(Activity) Look below for the line with "Robert B. Sherman", then repeat it and all lines after it, exactly, minus any pictures.

(Provided data)
═══

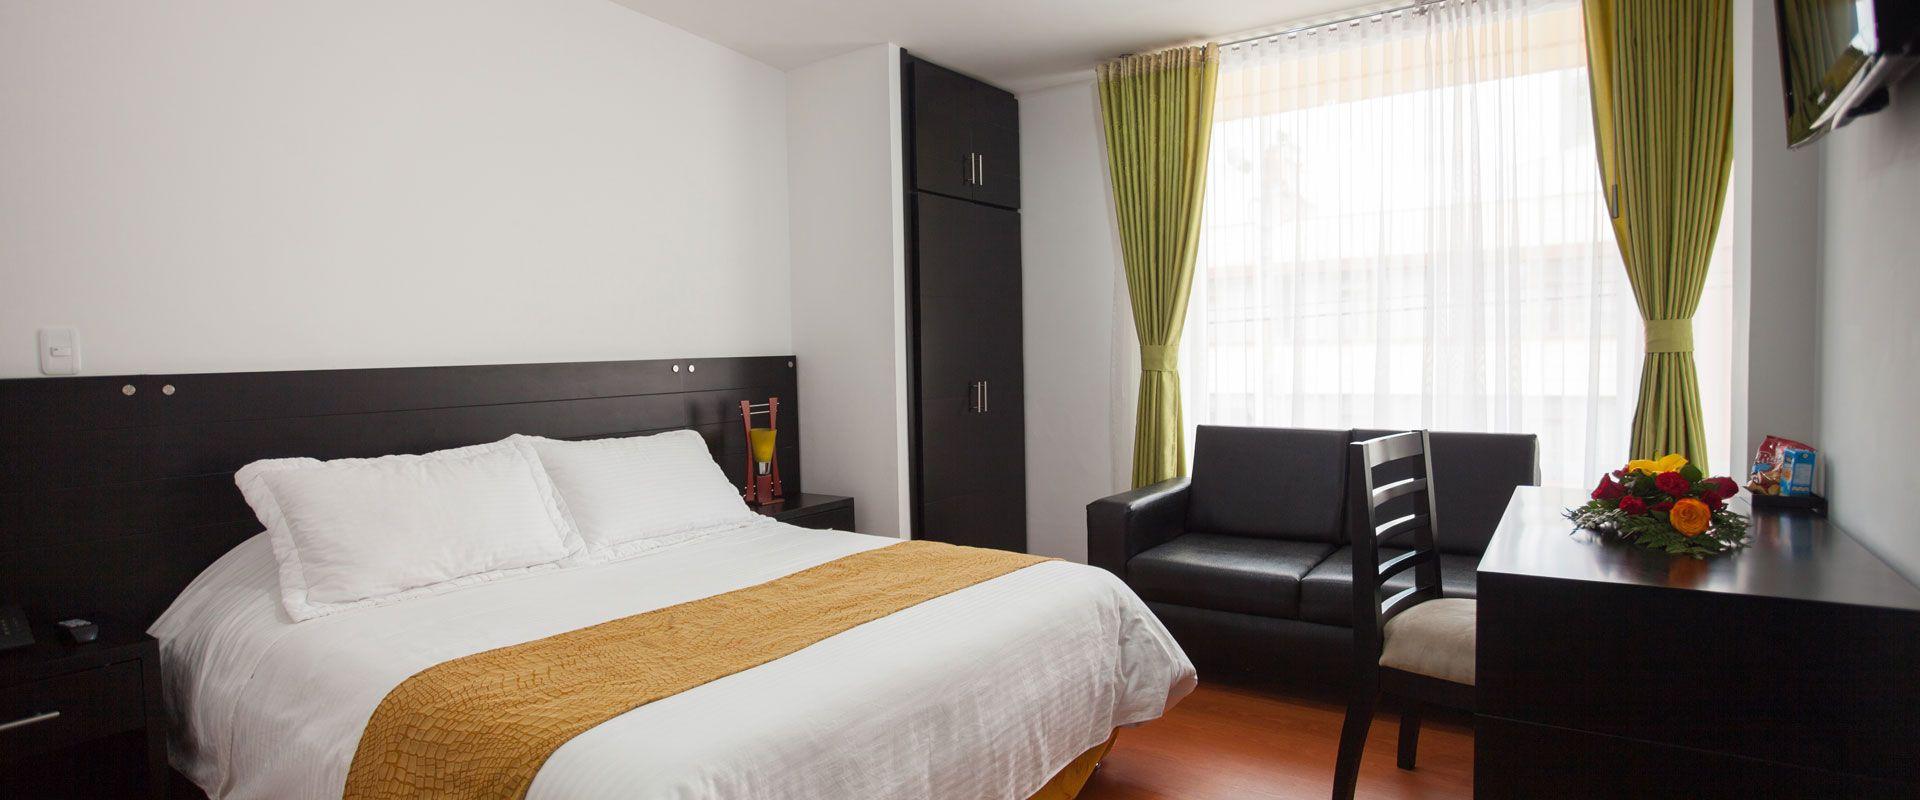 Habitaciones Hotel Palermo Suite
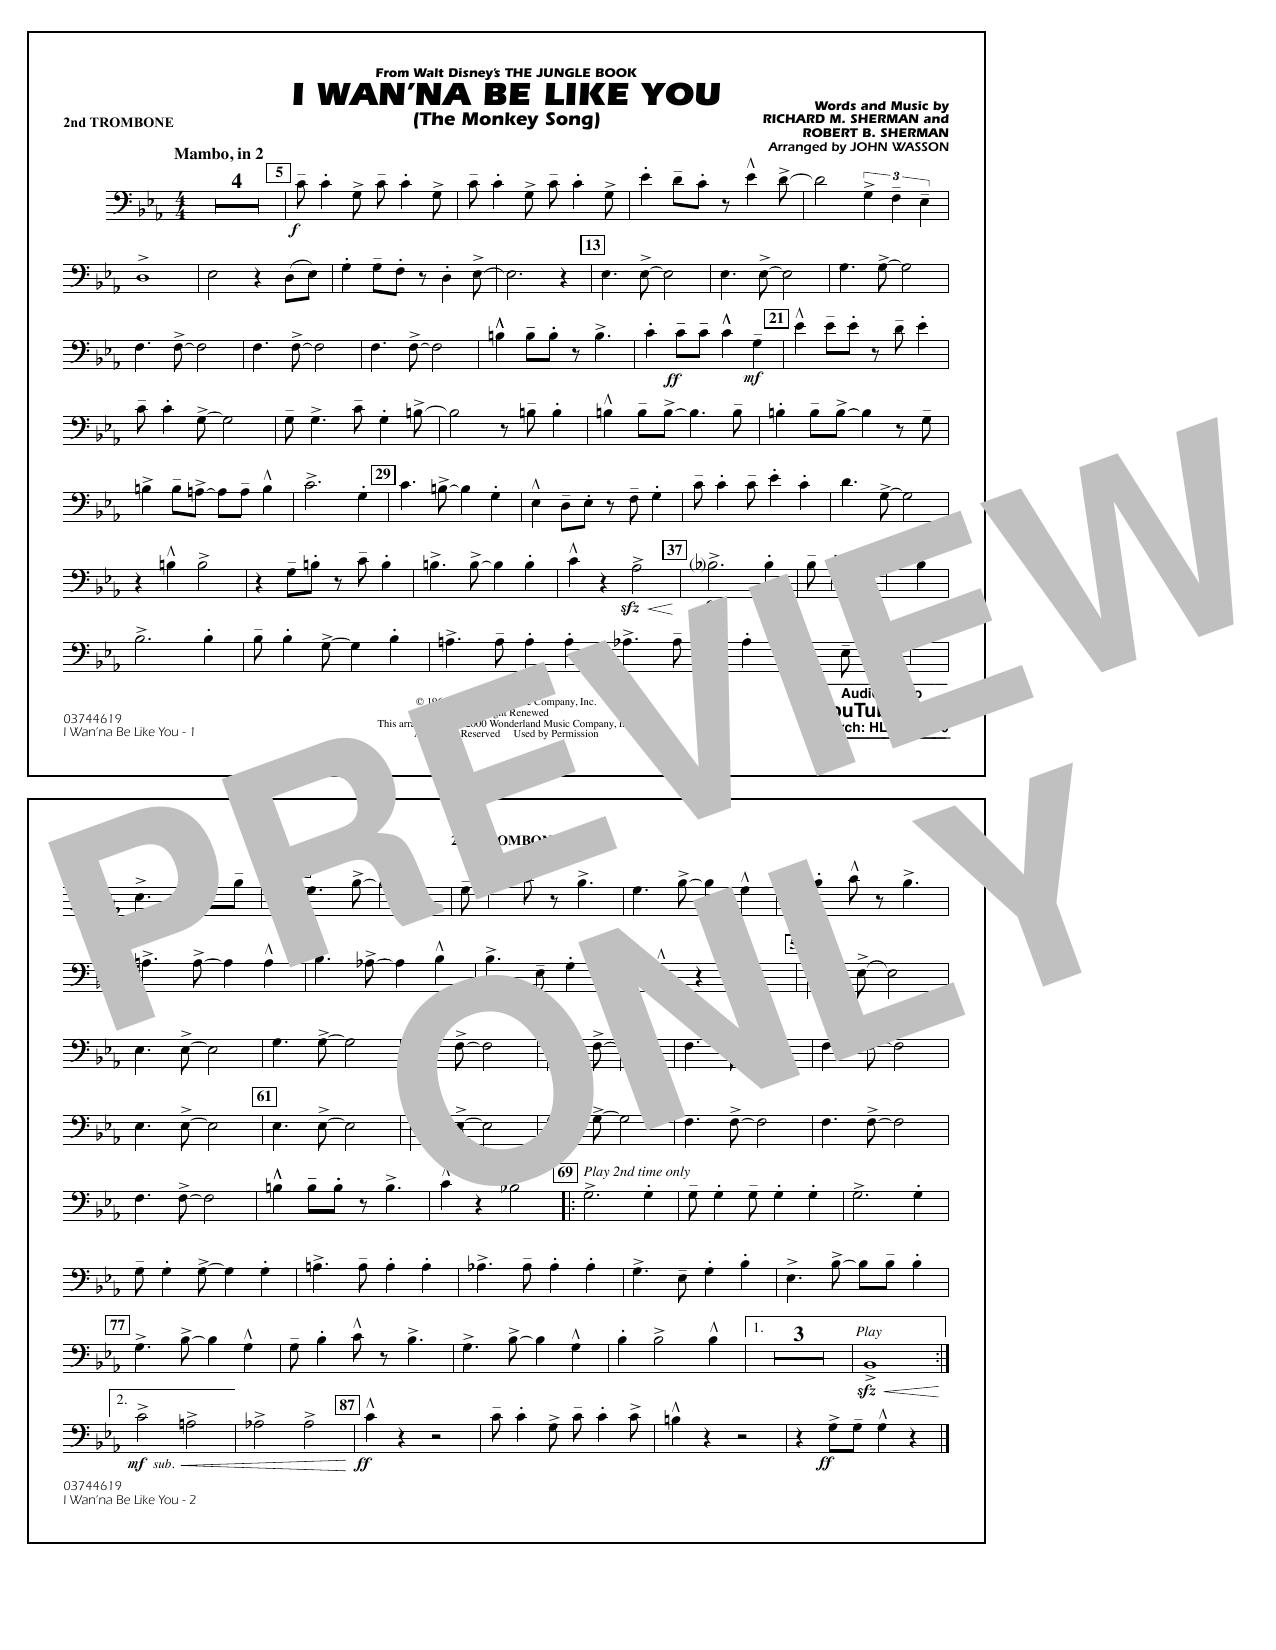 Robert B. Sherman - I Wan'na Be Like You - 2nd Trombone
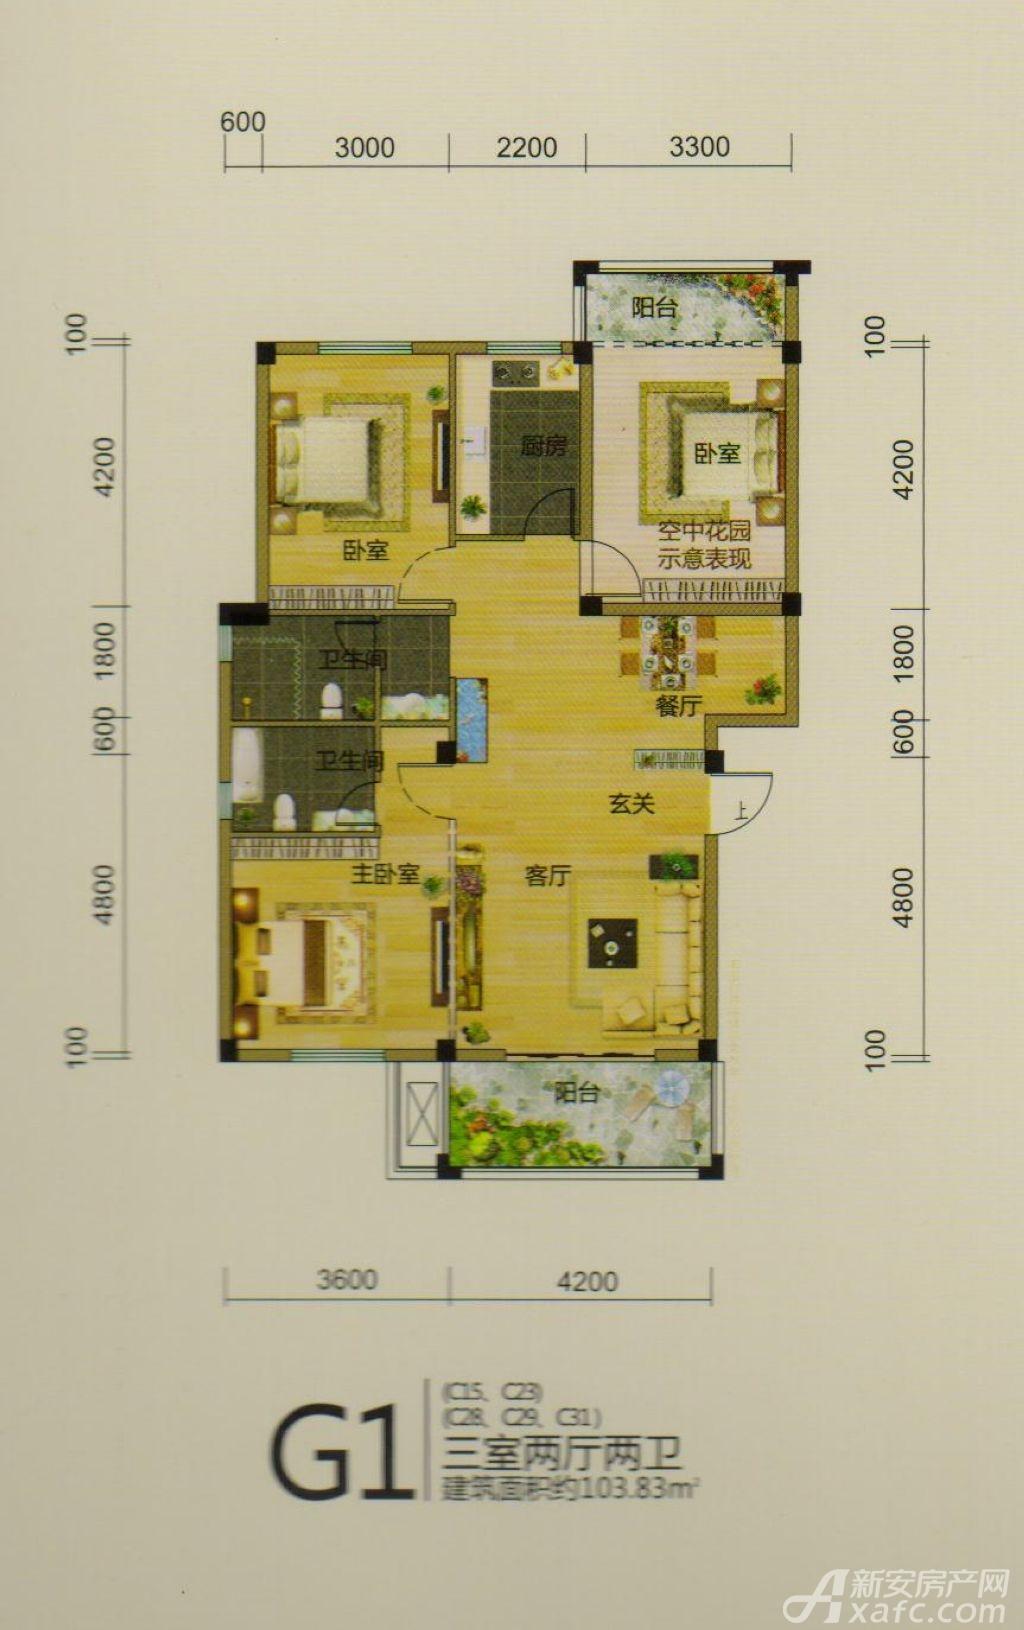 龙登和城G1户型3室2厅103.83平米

═══

(Task result)
 Robert B. Sherman - I Wan'na Be Like You - 2nd Trombone
 龙登和城G1户型3室2厅103.83平米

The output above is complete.